Professor Daniel M. Abrams and Mark J. Panaggio - both right-handed - are the first to use real-world data (drawn from a sample of elite athletes) to test and confirm the hypothesis that social behavior is related to level of use of the hands of the population.
More cooperators than competitive
"The more social the animal is - where cooperation is highly appreciated - the greater the population's tendency will be to one side," says Abrams, professor of science and mathematics at the McCormick School of Engineering and Applied Science. «The most important factor for an efficient society is a high degree of cooperation. In humans, this has occurred in a majority of right-handers, "he says.
In a fully cooperative society, the hypotheses suggest that everyone would have the same dominant hand. In this way, Abrams' analysis tries to confirm this speculation: the fact that there are 10% of left-handed people indicates that the human species is not fully cooperative.
"If societies were fully cooperative, everyone would use the same hand, says Abrams." Also, if competition were more important, one might expect the population to be right or left handed at a ratio of 50-50.
In a fight, a left-hander would have an advantage over a right-hander
On the one hand, cooperation would favor the use of the same hand - to be able to share the same tools - and on the other hand, physical competition would promote the use of the left.
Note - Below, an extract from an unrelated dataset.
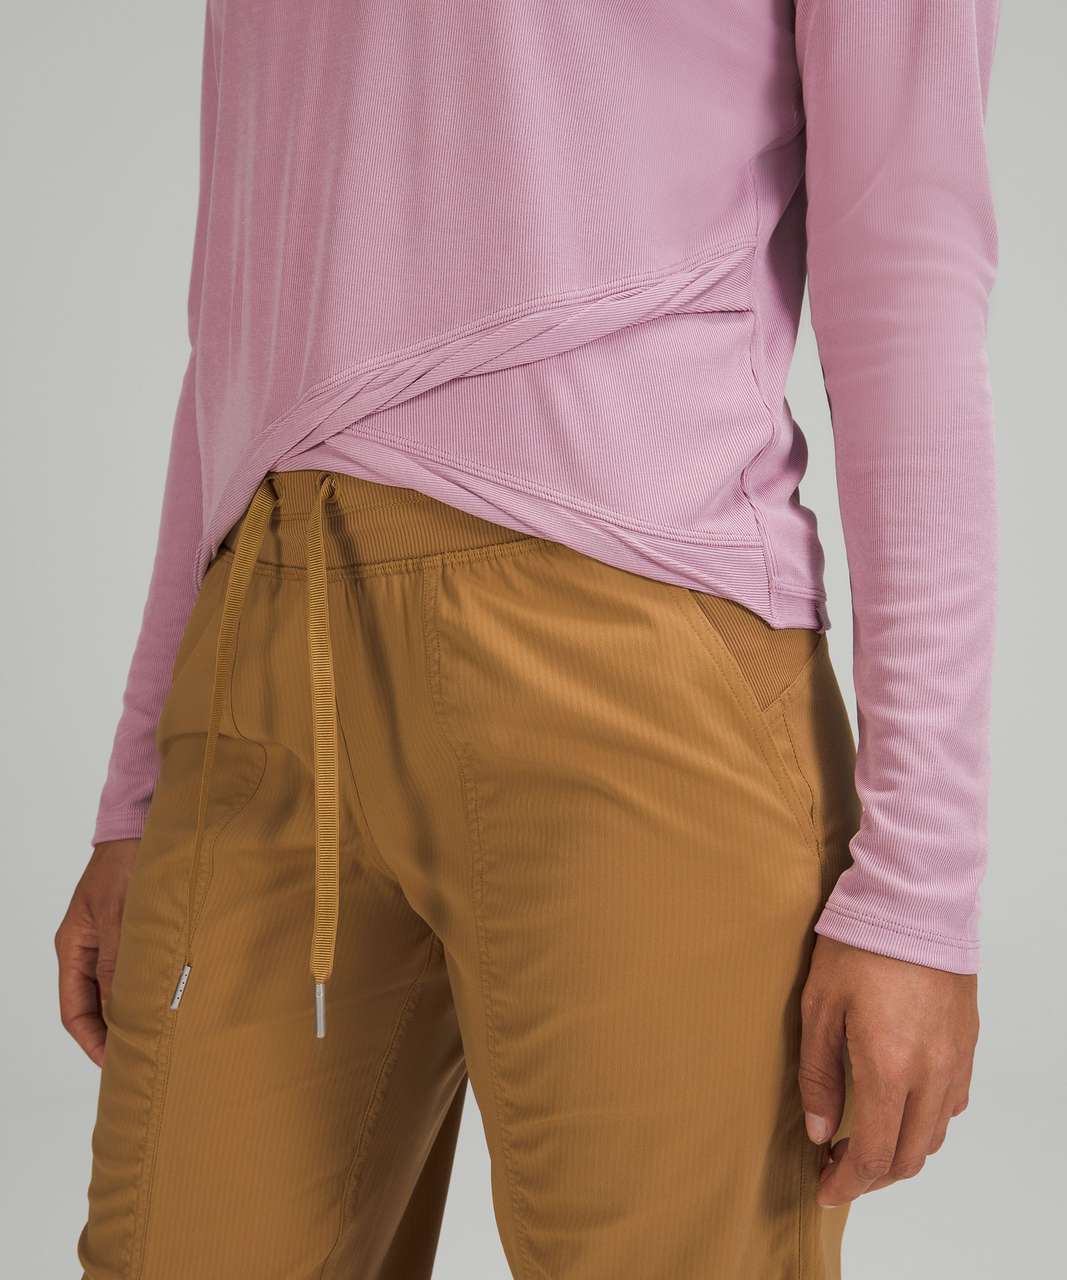 Lululemon Do the Twist Long Sleeve Shirt Pink Taupe Women's Size 4 Ribbed

In a fight, a left-hander would have an advantage over a right-hander.
Abrams and Panaggio focused on data collected from a sample of elite athletes to support the theory of the necessary balance between cooperation and competition of the human species.
His model predicts that the number of successful left-handed athletes make up more than 50% for baseball, boxing, hockey and fencing and more than 10% for other sports such as table tennis. However, the number of successful left-handed golfers is very low, only 4%.
"The accuracy of our model's predictions when referring to a sample of athletes supports the idea that it can be extrapolated to the rest of society," says Abrams.
Manual laterality, the preference for using one hand over the other, is largely due to genetics and partly to the environment. Identical twins, who share exactly the same genes, don't always use the same hand.